With any pictures left out, restate word for word the lines in the listing below from the one holding "HD Externo Seagate" through the last.

(DATA BELOW Opens)

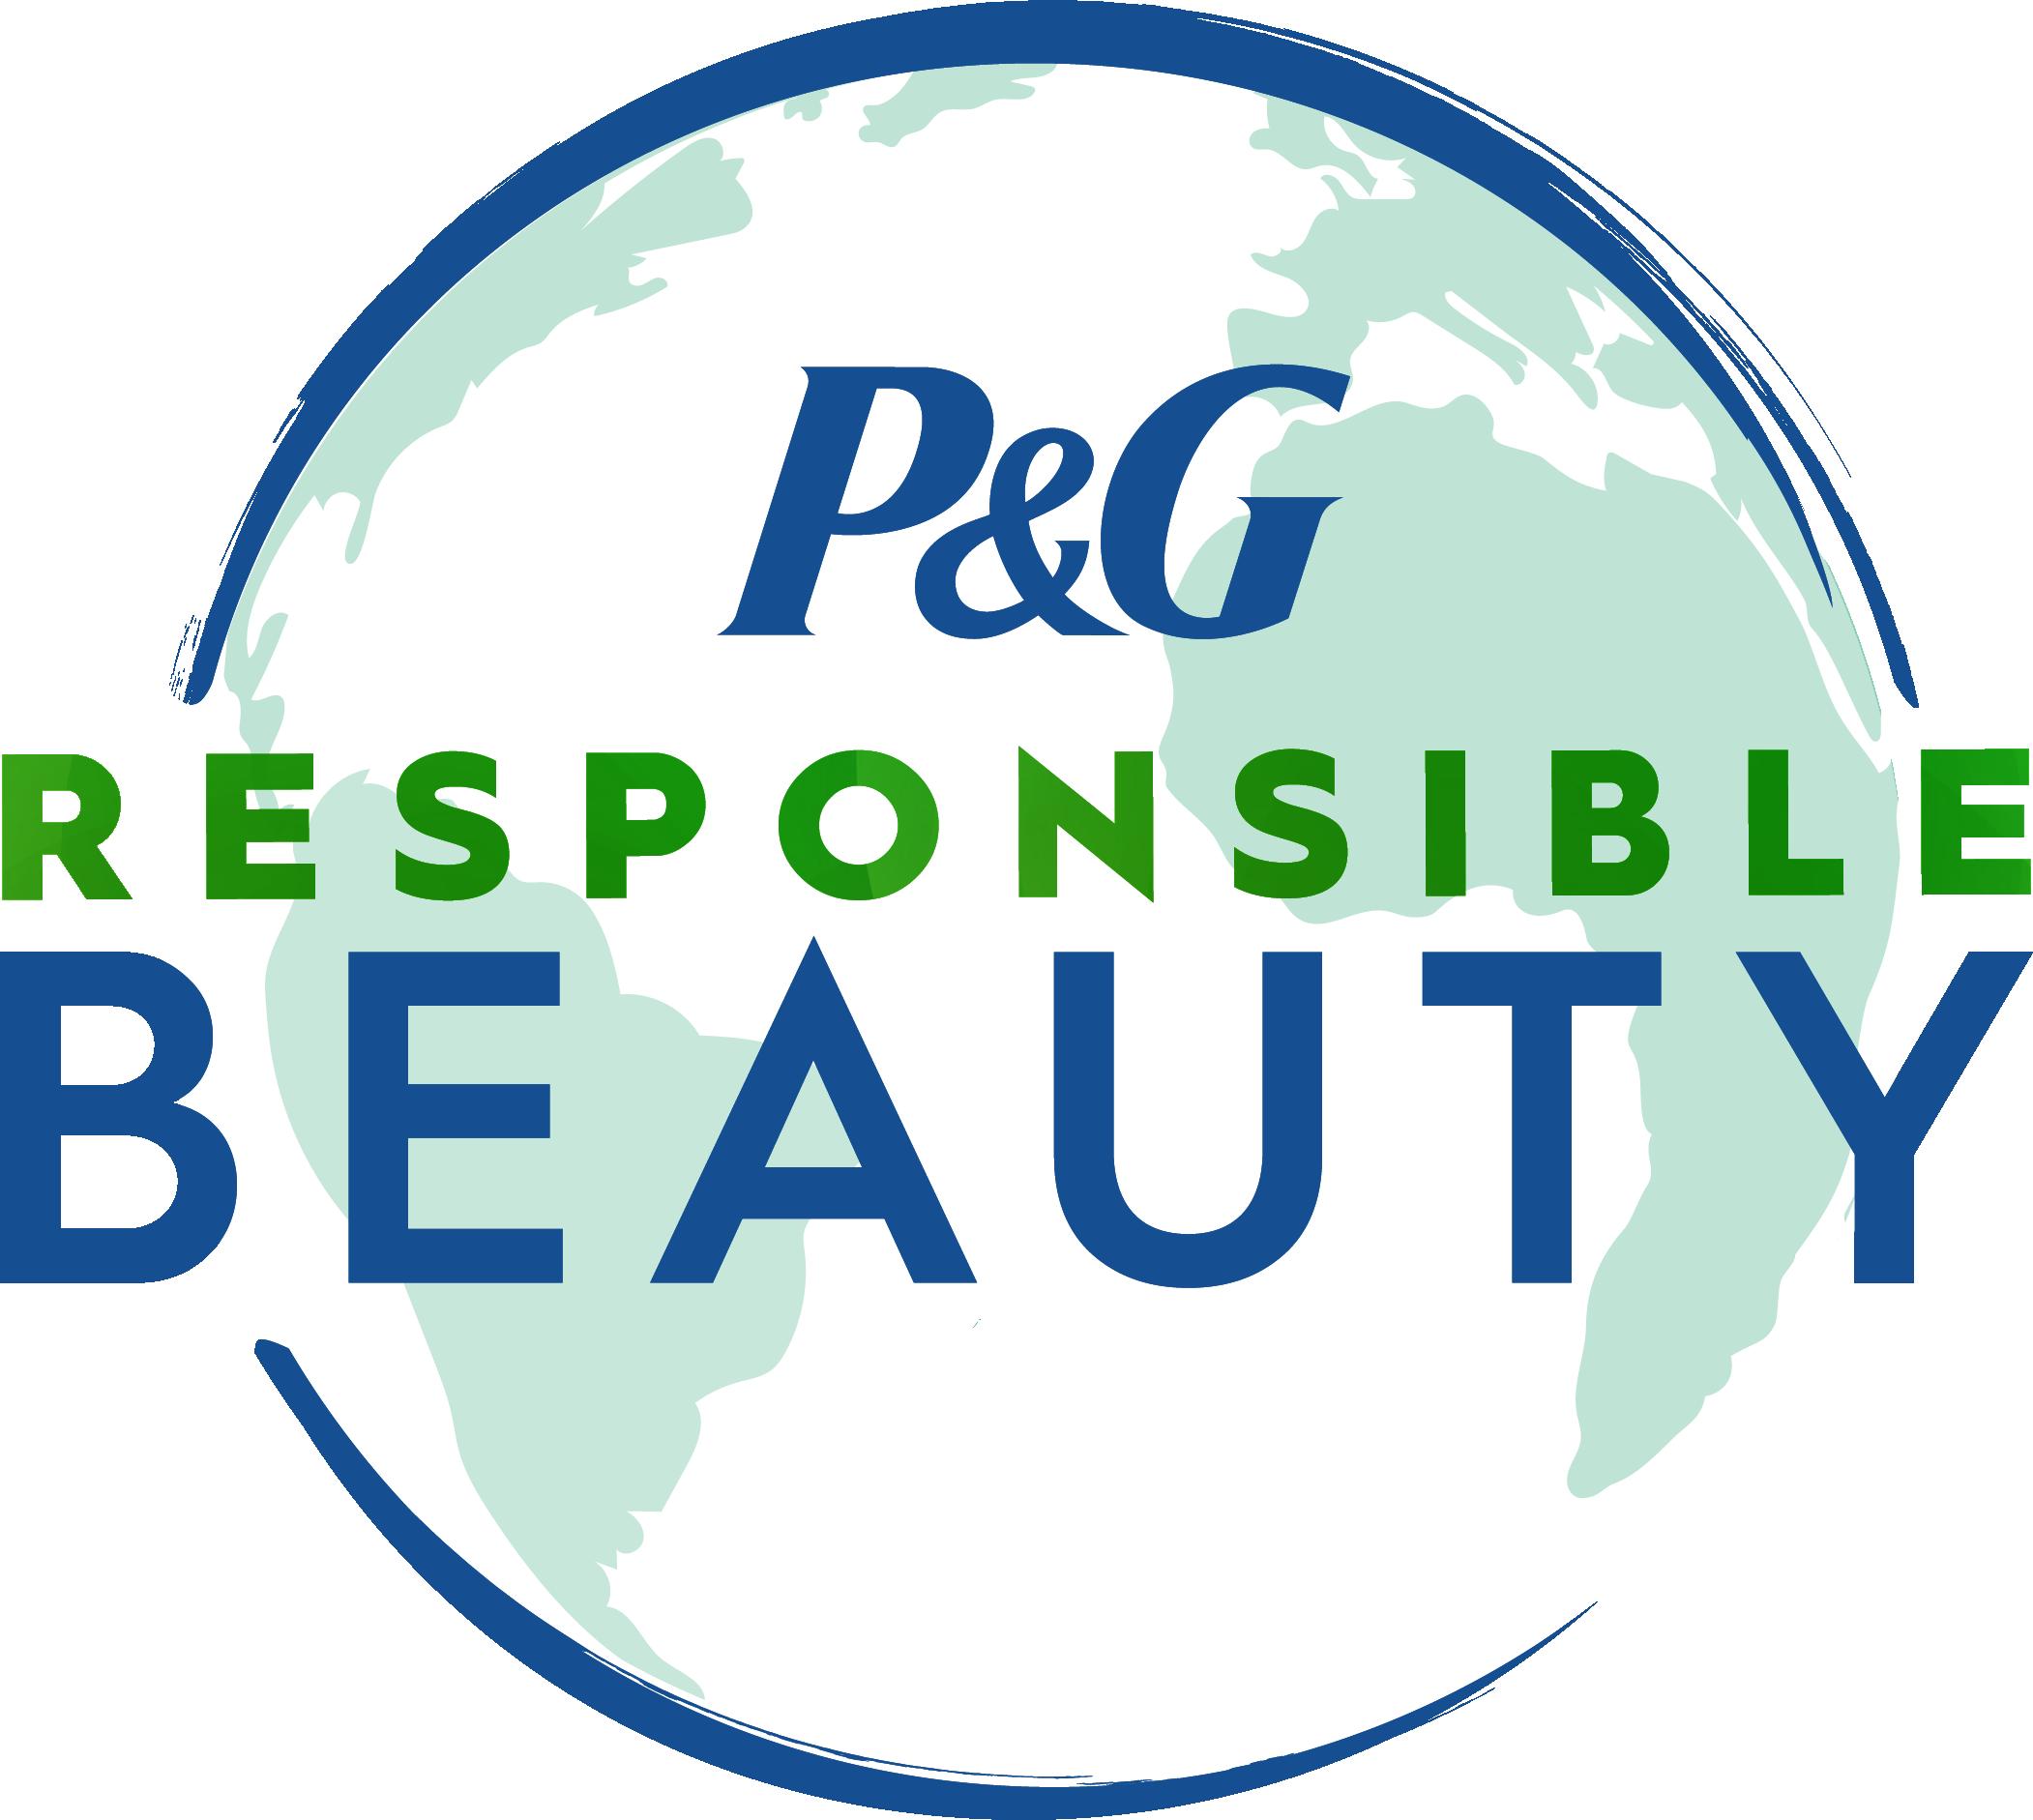 Responsible Beauty Logo
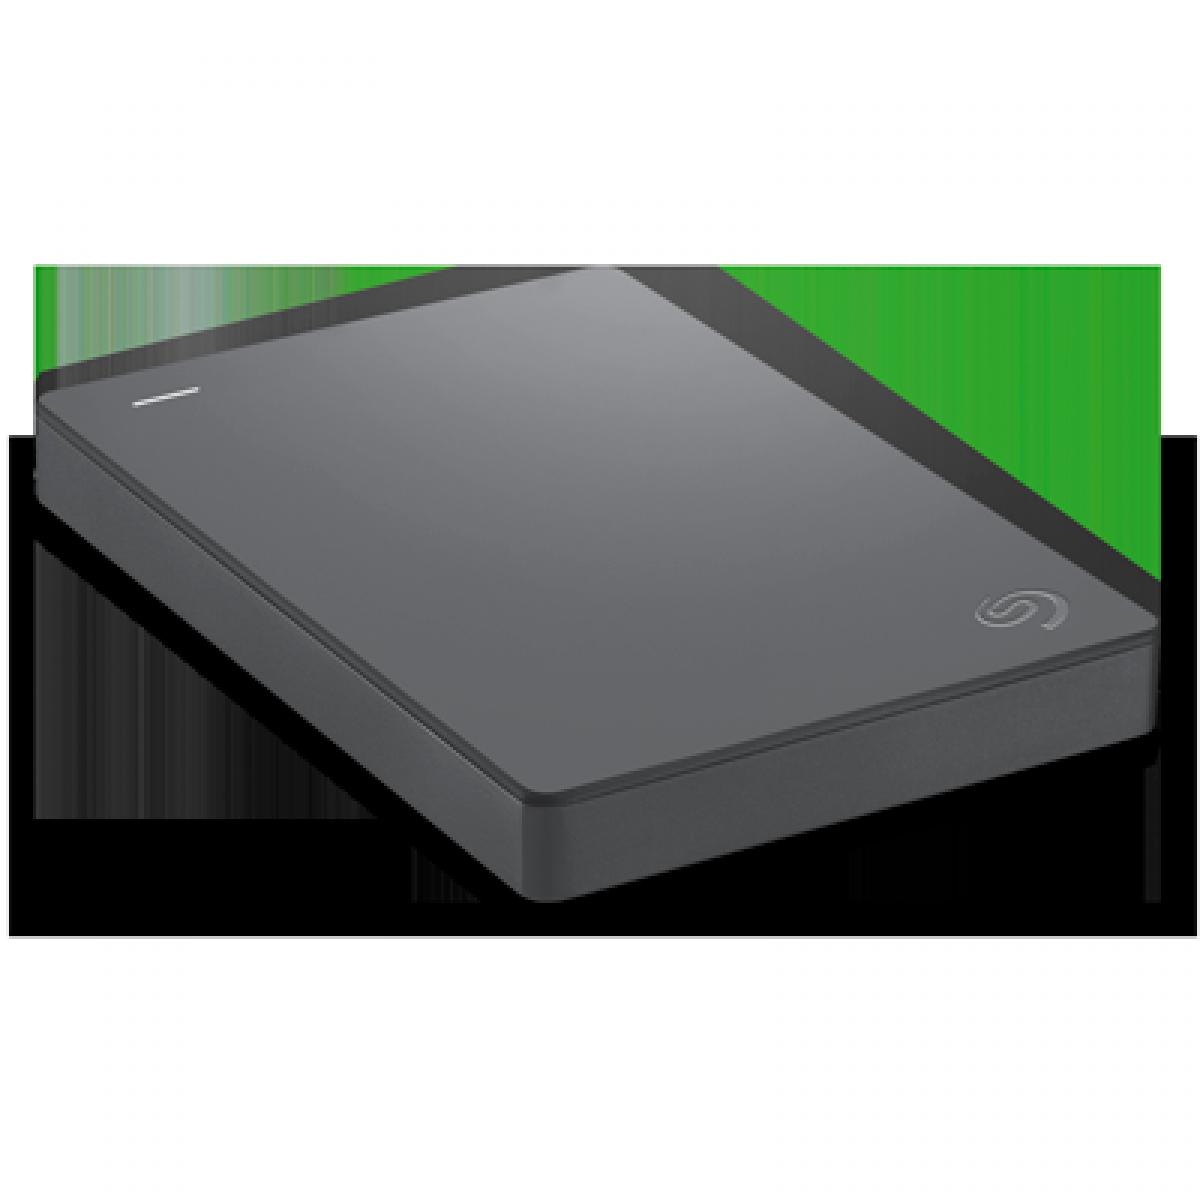 HD Externo Seagate Basic, 1TB, USB 3.0, Black, STJL1000400
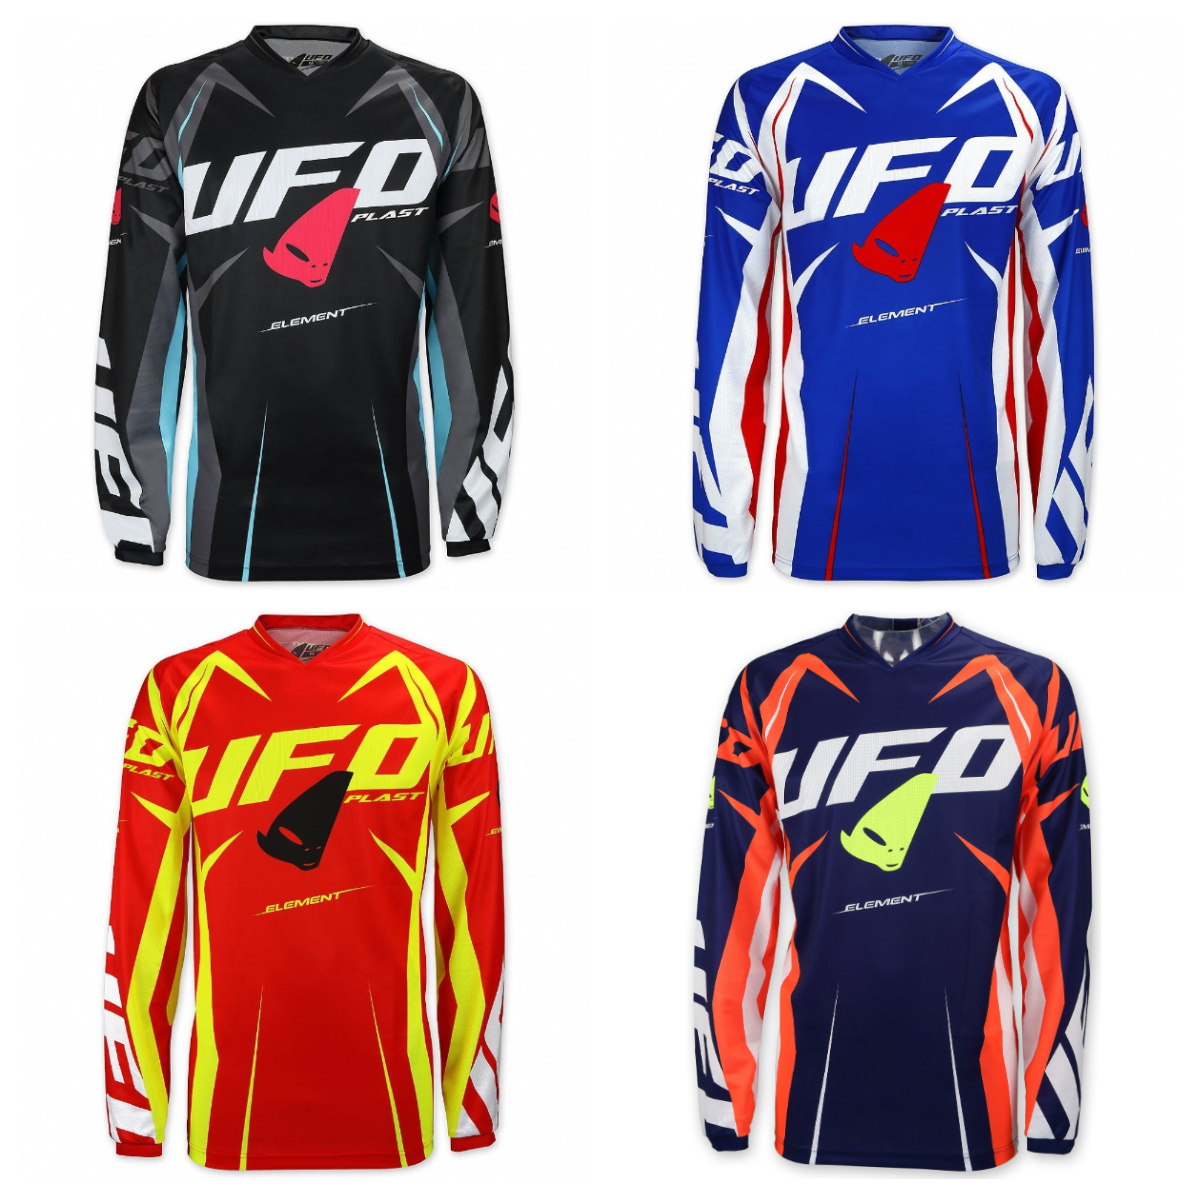 2019 Racing MAVIC Downhill Jersey Mountain Bike Motorcycle Cycling Crossmax Shirt Ciclismo Clothes Blackhawks

(DATA BELOW Closes)

SOLUTION FOR THIS EXERCISE |
 HD Externo Seagate Basic, 1TB, USB 3.0, Black, STJL1000400
 2019 Racing MAVIC Downhill Jersey Mountain Bike Motorcycle Cycling Crossmax Shirt Ciclismo Clothes Blackhawks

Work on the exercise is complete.